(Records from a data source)
◇ ◇ ◇
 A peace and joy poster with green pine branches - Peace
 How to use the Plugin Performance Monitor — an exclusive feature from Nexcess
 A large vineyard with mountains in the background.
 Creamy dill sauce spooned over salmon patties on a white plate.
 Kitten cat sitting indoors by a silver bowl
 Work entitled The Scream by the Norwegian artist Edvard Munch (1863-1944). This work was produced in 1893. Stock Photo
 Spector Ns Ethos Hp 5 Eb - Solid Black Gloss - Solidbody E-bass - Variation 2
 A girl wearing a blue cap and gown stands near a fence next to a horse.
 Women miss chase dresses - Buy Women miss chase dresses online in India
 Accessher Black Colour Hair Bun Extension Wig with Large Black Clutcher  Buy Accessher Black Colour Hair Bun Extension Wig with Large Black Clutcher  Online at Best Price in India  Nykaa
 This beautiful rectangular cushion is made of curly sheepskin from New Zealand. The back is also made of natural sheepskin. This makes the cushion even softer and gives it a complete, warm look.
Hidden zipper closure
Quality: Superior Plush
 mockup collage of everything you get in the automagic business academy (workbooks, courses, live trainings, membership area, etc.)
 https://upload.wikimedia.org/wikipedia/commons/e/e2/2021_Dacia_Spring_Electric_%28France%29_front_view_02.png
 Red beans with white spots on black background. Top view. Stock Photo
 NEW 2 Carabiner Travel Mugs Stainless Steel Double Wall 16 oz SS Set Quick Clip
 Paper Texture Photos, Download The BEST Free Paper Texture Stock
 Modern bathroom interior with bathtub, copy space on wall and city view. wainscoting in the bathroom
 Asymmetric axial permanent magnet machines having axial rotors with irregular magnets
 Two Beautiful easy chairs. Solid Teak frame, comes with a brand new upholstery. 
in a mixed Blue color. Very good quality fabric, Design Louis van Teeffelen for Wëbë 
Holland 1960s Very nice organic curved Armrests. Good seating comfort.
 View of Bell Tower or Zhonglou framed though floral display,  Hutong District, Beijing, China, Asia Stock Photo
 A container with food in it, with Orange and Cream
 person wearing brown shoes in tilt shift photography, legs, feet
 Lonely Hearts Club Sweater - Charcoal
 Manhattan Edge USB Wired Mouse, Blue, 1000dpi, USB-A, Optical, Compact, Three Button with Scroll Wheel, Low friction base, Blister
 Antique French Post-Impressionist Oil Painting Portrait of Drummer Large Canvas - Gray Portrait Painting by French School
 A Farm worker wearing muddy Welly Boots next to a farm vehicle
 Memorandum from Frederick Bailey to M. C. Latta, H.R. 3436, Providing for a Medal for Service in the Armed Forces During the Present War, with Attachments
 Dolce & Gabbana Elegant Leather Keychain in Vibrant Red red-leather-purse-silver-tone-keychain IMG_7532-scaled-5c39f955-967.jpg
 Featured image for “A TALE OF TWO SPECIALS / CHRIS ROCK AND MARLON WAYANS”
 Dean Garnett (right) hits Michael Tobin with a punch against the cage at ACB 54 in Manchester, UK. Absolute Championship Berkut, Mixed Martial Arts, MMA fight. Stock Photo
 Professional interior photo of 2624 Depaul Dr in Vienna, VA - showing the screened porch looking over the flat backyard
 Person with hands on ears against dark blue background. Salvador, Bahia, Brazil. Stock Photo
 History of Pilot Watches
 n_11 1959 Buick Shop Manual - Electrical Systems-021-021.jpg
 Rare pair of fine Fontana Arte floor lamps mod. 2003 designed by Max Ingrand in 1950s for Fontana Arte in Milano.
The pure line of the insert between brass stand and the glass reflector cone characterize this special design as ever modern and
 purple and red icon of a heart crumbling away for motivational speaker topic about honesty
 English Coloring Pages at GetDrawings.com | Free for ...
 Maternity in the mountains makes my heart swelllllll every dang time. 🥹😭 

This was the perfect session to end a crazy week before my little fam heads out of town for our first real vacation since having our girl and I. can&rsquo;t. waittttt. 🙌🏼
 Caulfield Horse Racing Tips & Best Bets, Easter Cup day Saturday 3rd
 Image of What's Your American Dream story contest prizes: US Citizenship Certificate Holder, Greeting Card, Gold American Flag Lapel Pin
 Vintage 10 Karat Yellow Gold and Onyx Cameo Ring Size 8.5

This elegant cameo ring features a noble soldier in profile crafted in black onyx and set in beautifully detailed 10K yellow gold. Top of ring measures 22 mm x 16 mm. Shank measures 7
◇ ◇ ◇
## INSTRUCTIONS TO FOLLOW:
All lines above between those holding "NEW 2 Carabiner" and "Lonely Hearts Club Sweater - Charcoal", inclusive, must be set down unchanged, and no other line may be included.

## THE COMPLETED TASK:
 NEW 2 Carabiner Travel Mugs Stainless Steel Double Wall 16 oz SS Set Quick Clip
 Paper Texture Photos, Download The BEST Free Paper Texture Stock
 Modern bathroom interior with bathtub, copy space on wall and city view. wainscoting in the bathroom
 Asymmetric axial permanent magnet machines having axial rotors with irregular magnets
 Two Beautiful easy chairs. Solid Teak frame, comes with a brand new upholstery. 
in a mixed Blue color. Very good quality fabric, Design Louis van Teeffelen for Wëbë 
Holland 1960s Very nice organic curved Armrests. Good seating comfort.
 View of Bell Tower or Zhonglou framed though floral display,  Hutong District, Beijing, China, Asia Stock Photo
 A container with food in it, with Orange and Cream
 person wearing brown shoes in tilt shift photography, legs, feet
 Lonely Hearts Club Sweater - Charcoal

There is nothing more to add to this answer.